Example Dataset
In this user guide series, we'll explore an example dataset comprising details of over 5,000 Medium articles. These were published between January 2020 and August 2020 in notable publications.
Acquire the dataset
The dataset resides in a publicly accessible S3 storage bucket. To fetch it, execute the following command:
# Get a CSV version of the dataset
curl https://assets.zilliz.com/medium_articles_2020_dpr_a13e0377ae.csv \
--output medium_articles_2020_dpr.csv
# Get a JSON version of the dataset
curl https://assets.zilliz.com/medium_articles_2020_dpr_a13e0377ae.json \
--output medium_articles_2020_dpr.json
Expected output
# Output
#
# % Total % Received % Xferd Average Speed Time Time Time Current
# Dload Upload Total Spent Left Speed
# 100 60.4M 100 60.4M 0 0 12.8M 0 0:00:04 0:00:04 --:--:-- 12.9M
For a comprehensive understanding of the dataset, refer to its introduction page on Kaggle.

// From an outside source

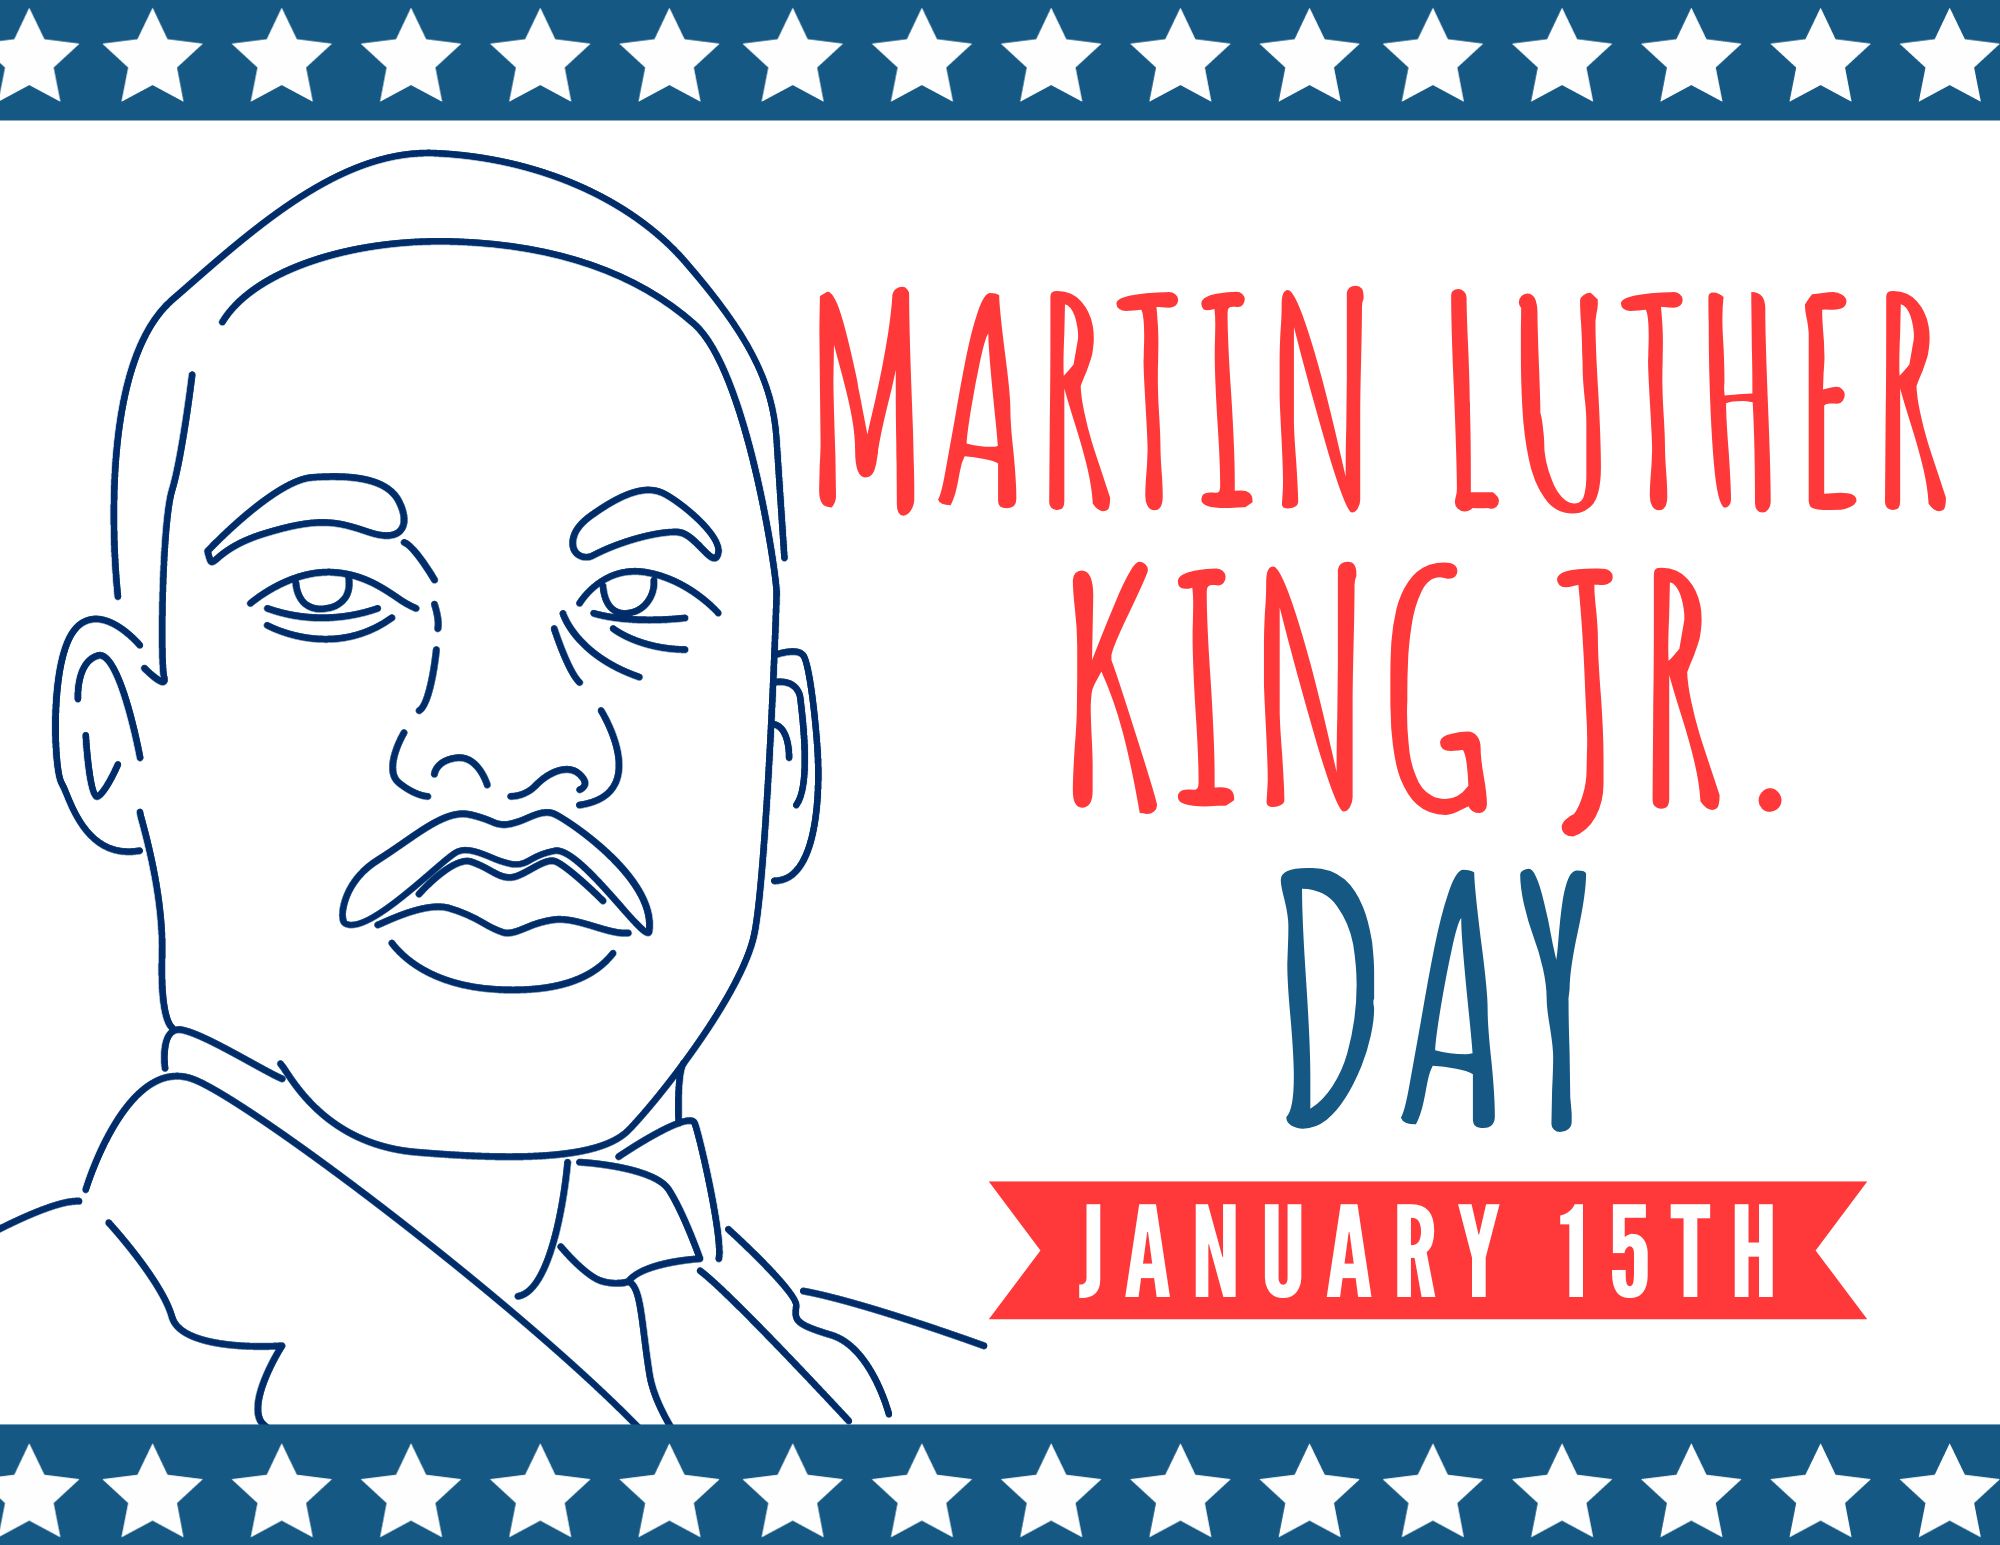 Martin Luther King Jr. Day. January 15th.

The acquired dataset is in JSON format, with a structure resembling:
{
"root": [
{
"id": ...
"title_vector": ...
"title": ...
"link": ...
"reading_time": ...
"publication": ...
"claps": ...
"responses": ...
},
...
]
}
Dataset schema
Each record in the dataset possesses eight attributes. Familiarize yourself with this structure as it will guide you when establishing the schema for your collection.
Field Name | Type | Attributes |
---|---|---|
id | INT64 | N/A |
title_vector | FLOAT_VECTOR | Dimension: 768 |
title | VARCHAR | Max length: 512 |
link | VARCHAR | Max length: 512 |
reading_time | INT64 | N/A |
publication | VARCHAR | Max length: 512 |
claps | INT64 | N/A |
responses | INT64 | N/A |